Только она родилась сильной в другом смысле – она благородная, богатая, осененная сразу двумя творцами. Если бы этот мир был войной, она родилась бы в доспехах и с мечом в руках, а мы родились бы только с зубами, ногтями и упорством. Она не могла видеть нашу правду за забралом, в котором родилась.
– Вы правда считаете, что выжили именно поэтому? Что именно поэтому вы – суверен? – спросила я, прежде чем успела прикусить язык. – Потому что вы сильнее всех людей, которые работают на Цинлиру?
Мой вопрос поразил ее. Она отпрянула и звонко рассмеялась. Суверен поднялась со стула, белое платье с шорохом заскользило по полу. Я встала вслед за ней.
Она была на целую голову ниже меня, но когда она шла, от ее присутствия, казалось, у меня перехватывало дыхание. Казалось, это мир двигался вокруг нее и только для нее.
– Лорена, – она положила руки мне на плечи, как мать, обнимающая своего ребенка, стоя перед зеркалом. Кровь стекала с ее пальцев мне на грудь. – Ты, конечно, можешь помогать моему сыну, но Дверь и жертвоприношения тебя не касаются. Уничтожить Дверь нельзя. Твоя сделка с Алистером может остаться в силе с момента подписания контракта, но я бы посоветовала не обманывать моего сына и направить его исследования в более полезное русло.
Я кивнула.
– Соврешь мне еще раз – и про Лощину будут говорить только в самых отдаленных уголках этого мира как предостережение: «Мы не хотим закончить так, как Лощина». Ты поняла? – спросила она. – Больше не лги мне.
Я склонила голову.
– О, нет, – сказала она, прищелкнув языком. – На этот раз я хочу, чтобы ты произнесла это вслух, моя дорогая. Ты такая хорошая лгунья. Давай посмотрим, сколько чувства ты сможешь вместить в трех словах. Ты меня поняла?
Три слова. Не одно.
– Да, ваше превосходительство.
– О, Лорена Адлер, будь осторожнее, – она сжала мои плечи и отпустила их. Одна из ее рук скользнула к моей голове и заправила несколько прядей волос мне за ухо. – Надеюсь, какое-то время ты будешь приносить пользу. Мне бы очень не хотелось узнать, что ты мертва, – и что не я приложила к этому руку.
Глава тринадцатая
– Ну, я жива, – сказала я, когда наследник вошел в лабораторию. – Это удовлетворит ваше любопытство относительно моих способностей работать под давлением?

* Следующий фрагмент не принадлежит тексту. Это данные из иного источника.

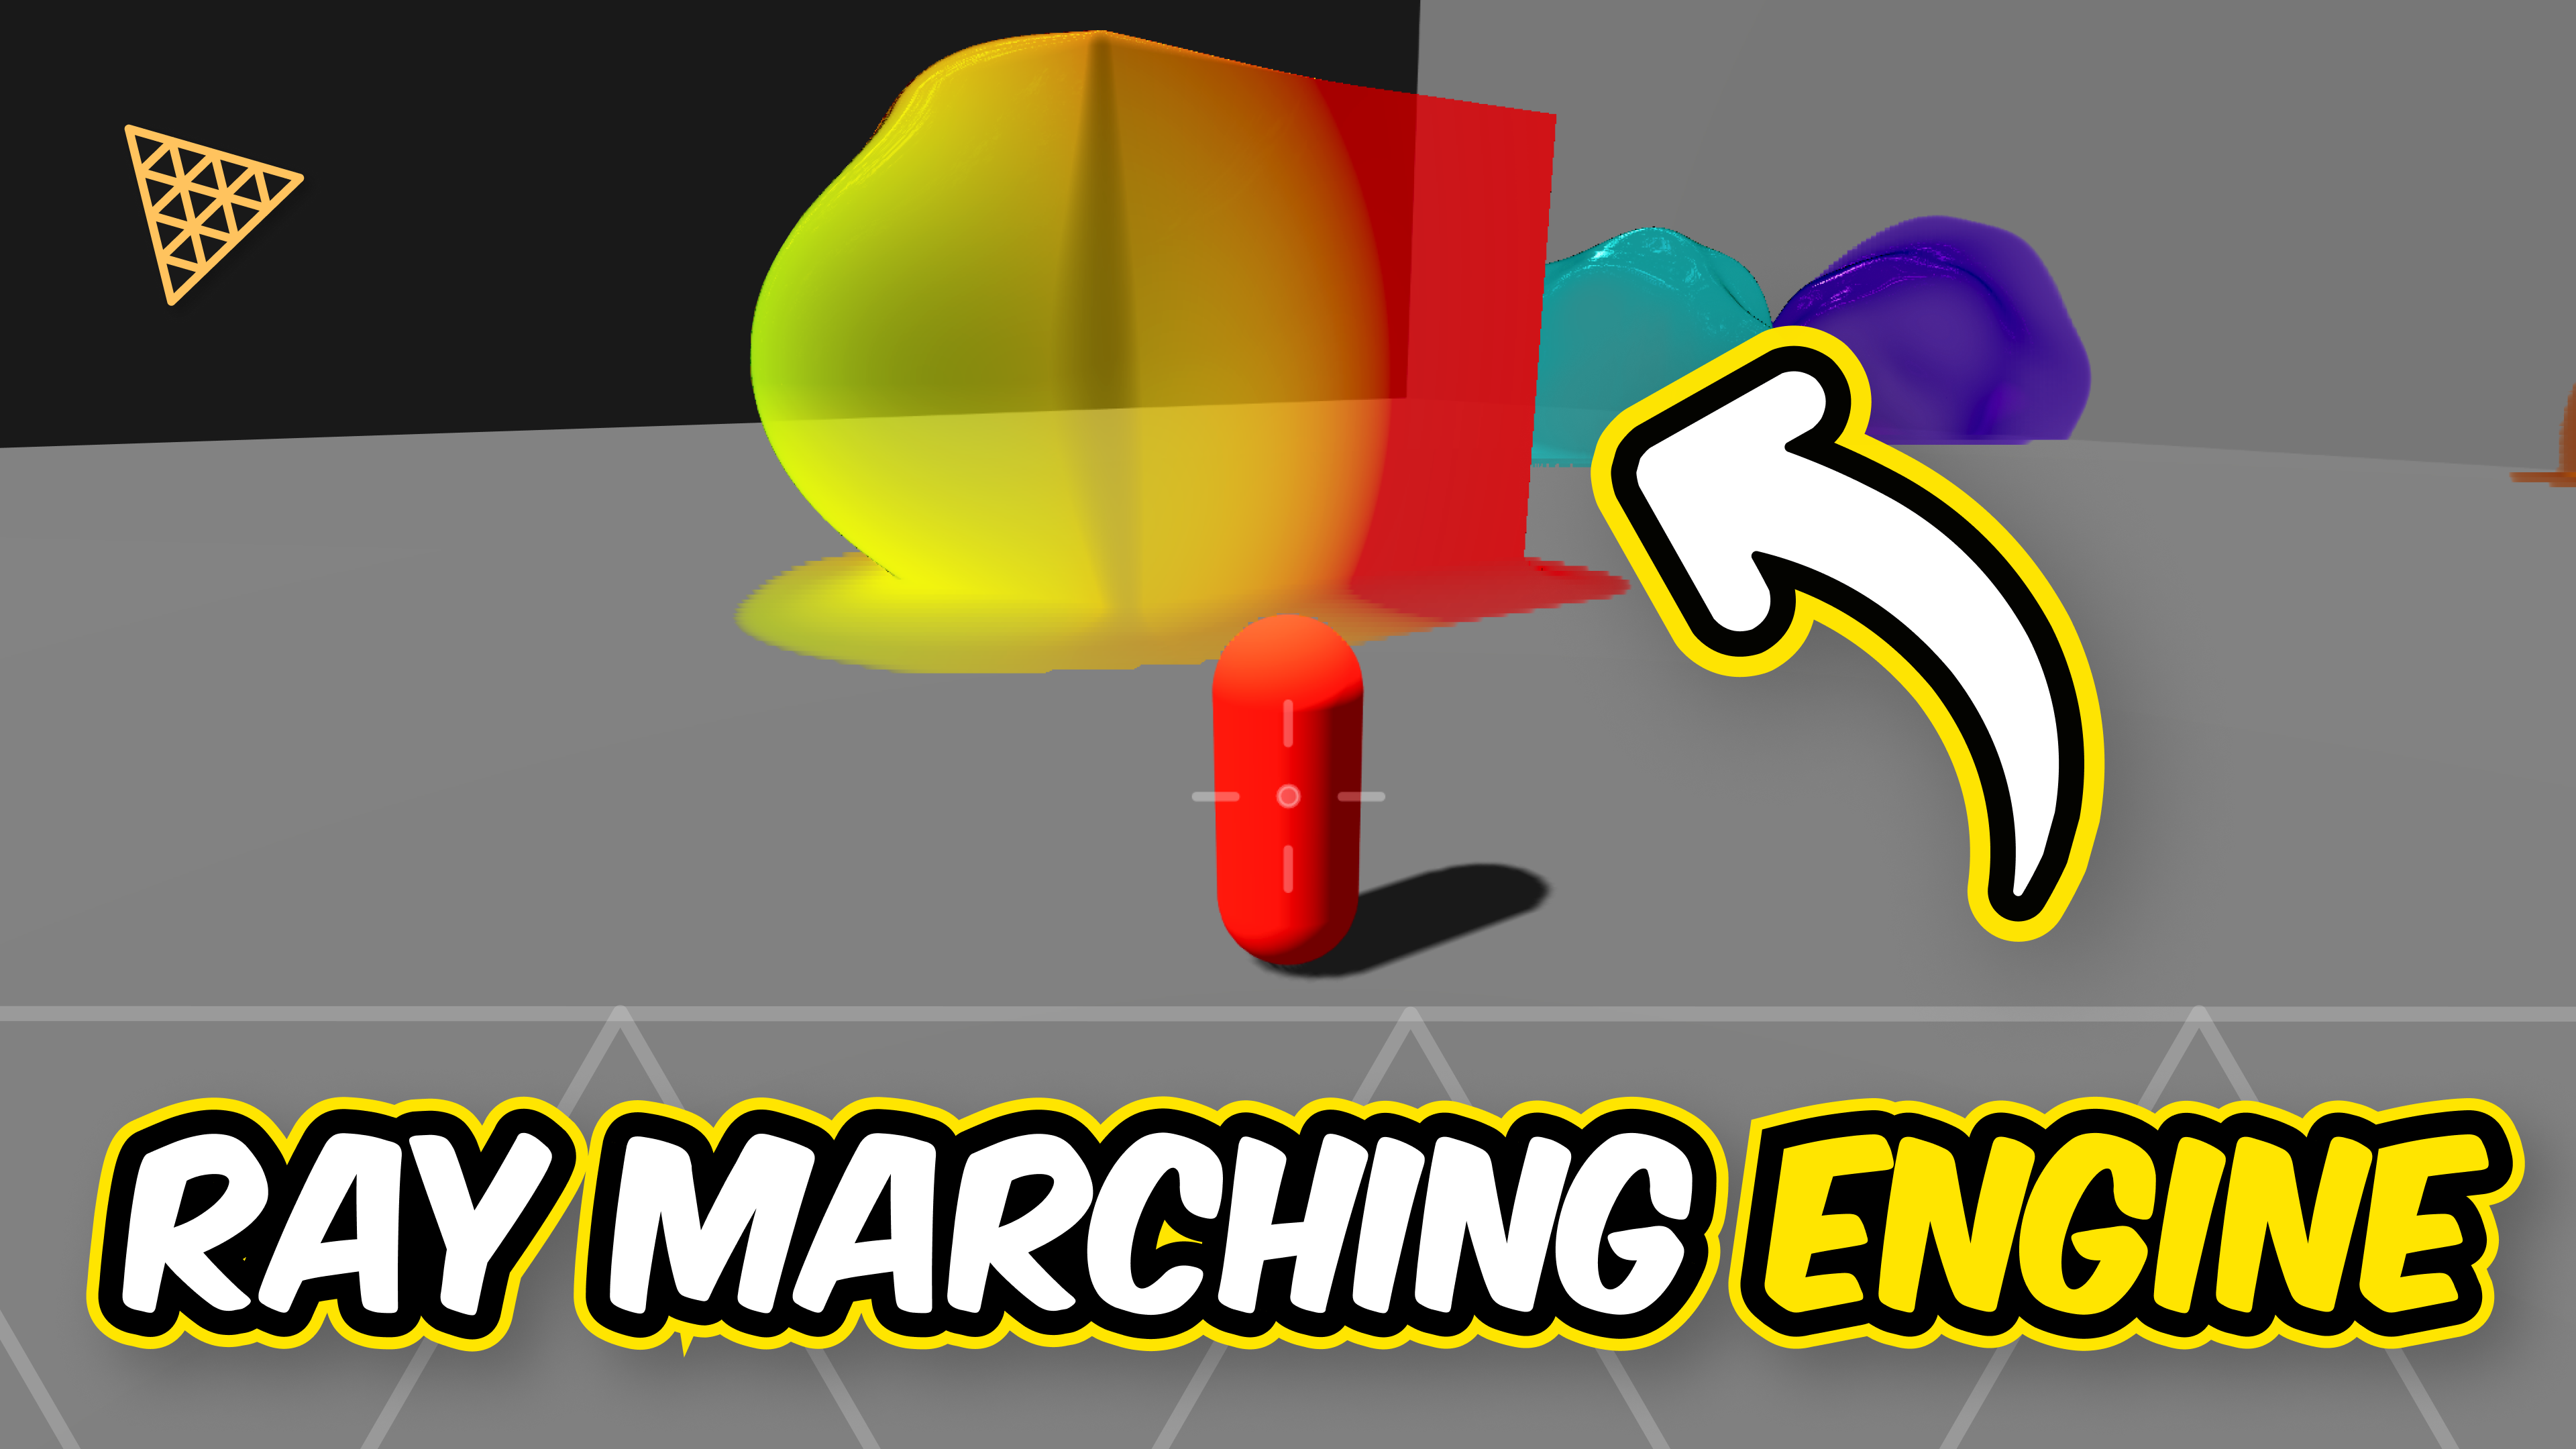 Raymarching Engine Video

У него даже не хватило порядочности покраснеть.
– В какой-то степени. Она все равно собиралась с тобой поговорить. Теперь, по крайней мере, она знает, на что ты способна.
– Едва ли это как-то мне поможет, – пробормотала я, выливая чай из ее чашки в один из папоротников Крика.

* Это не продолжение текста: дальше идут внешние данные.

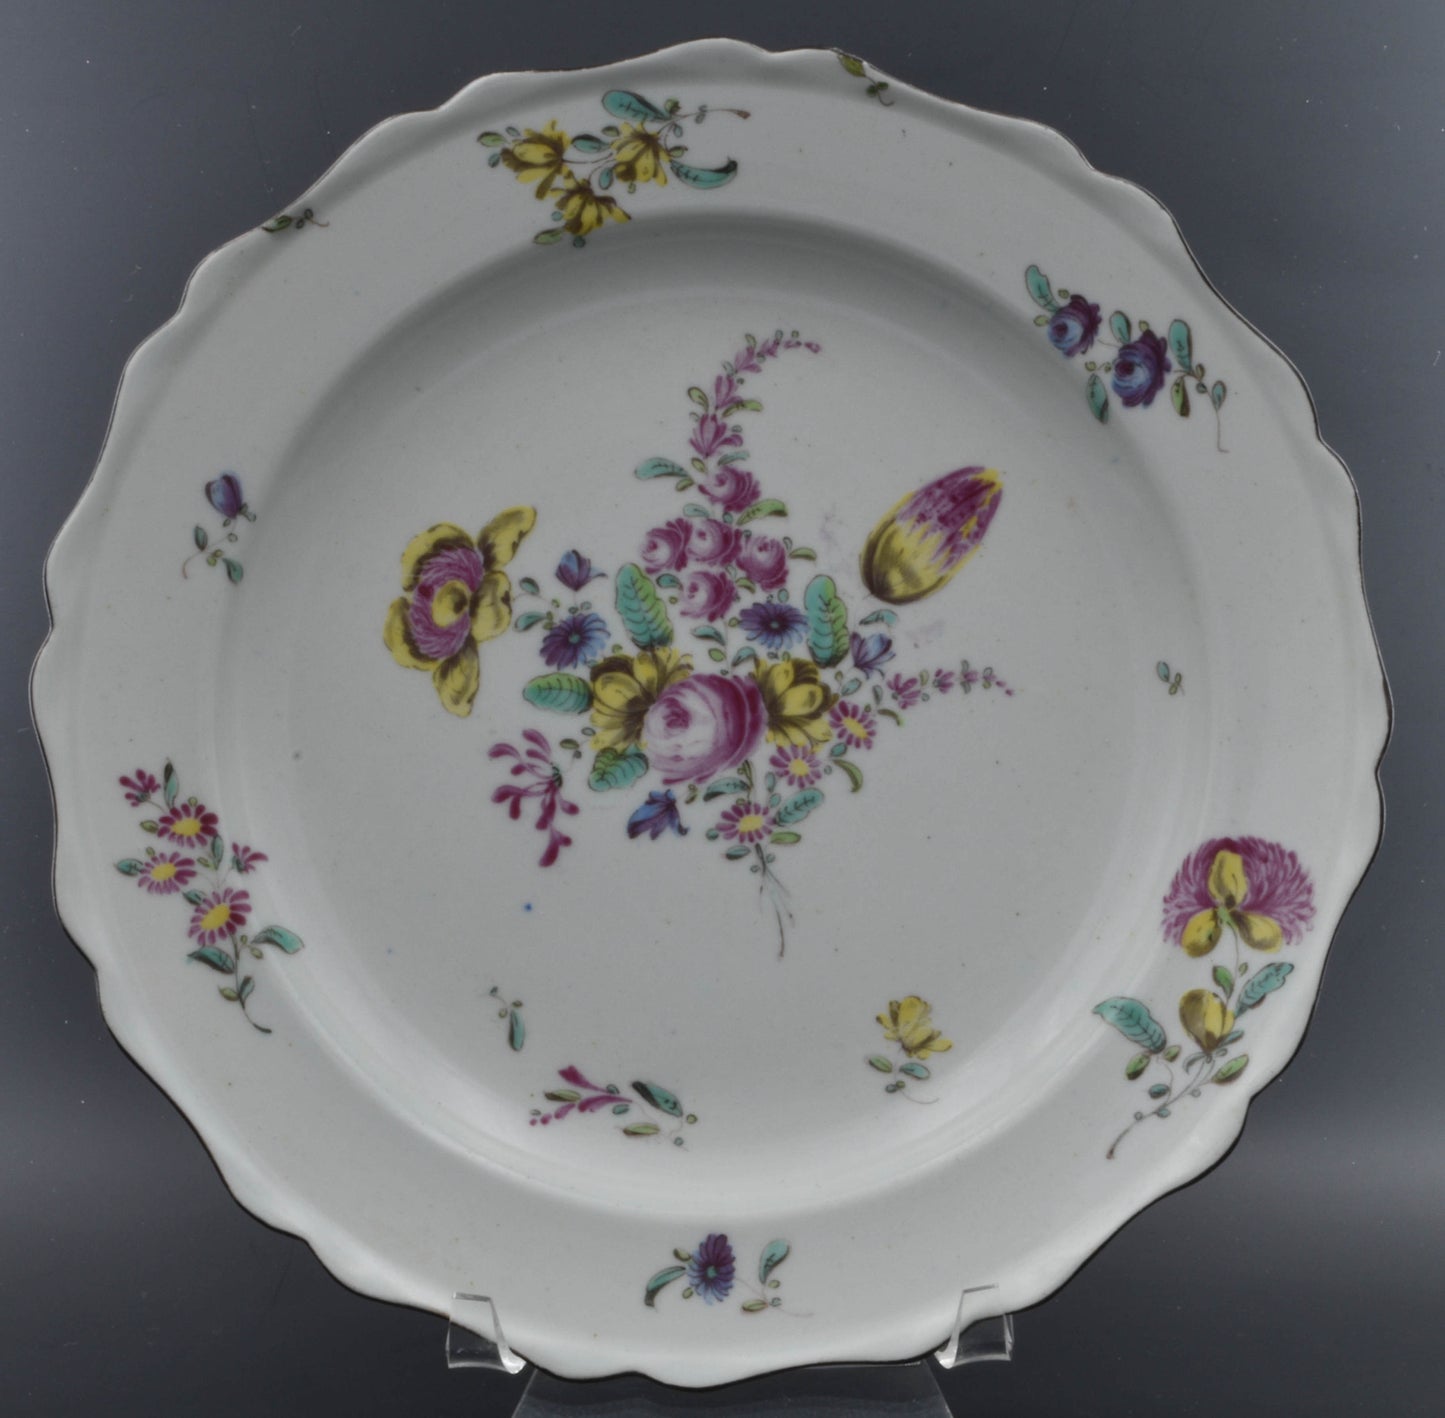 Bow Plate, in the style of Chelsea, with flowers

– Поможет, – сказал наследник. – Ей, как и мне, нужен кто-то как минимум способный.
То есть она бы позволила мне истечь кровью на полу, если бы я оказалась неспособна уничтожить ту пулю?
– Она могла меня убить!
– Но не убила же, – он поднял пистолет. – Лаконичный способ решения проблемы. Какая была формулировка контракта?
Даже не знаю, лучше это или хуже вынужденного флирта.
– Уничтожь пулю и порох, а ее ногти, кровь и драгоценности прими в качестве жертвы, – я поморщилась. – Она даже не упомянула о жертвах.
– Она приносила жертвы и похуже, – сказал он, записывая формулировку в своей записной книжке. – Вы остались наедине. Она знала, кем тебе придется пожертвовать.
Я рухнула на табурет возле своего стола, подальше от него, и притянула к себе механическую лошадь. Наследник поднял глаза и поправил очки. Я пожала плечами.
– Ты бы не умерла. Ты слишком хороша для этого, – пробормотал он. – Хотя формулировка твоего контракта едва ли точна.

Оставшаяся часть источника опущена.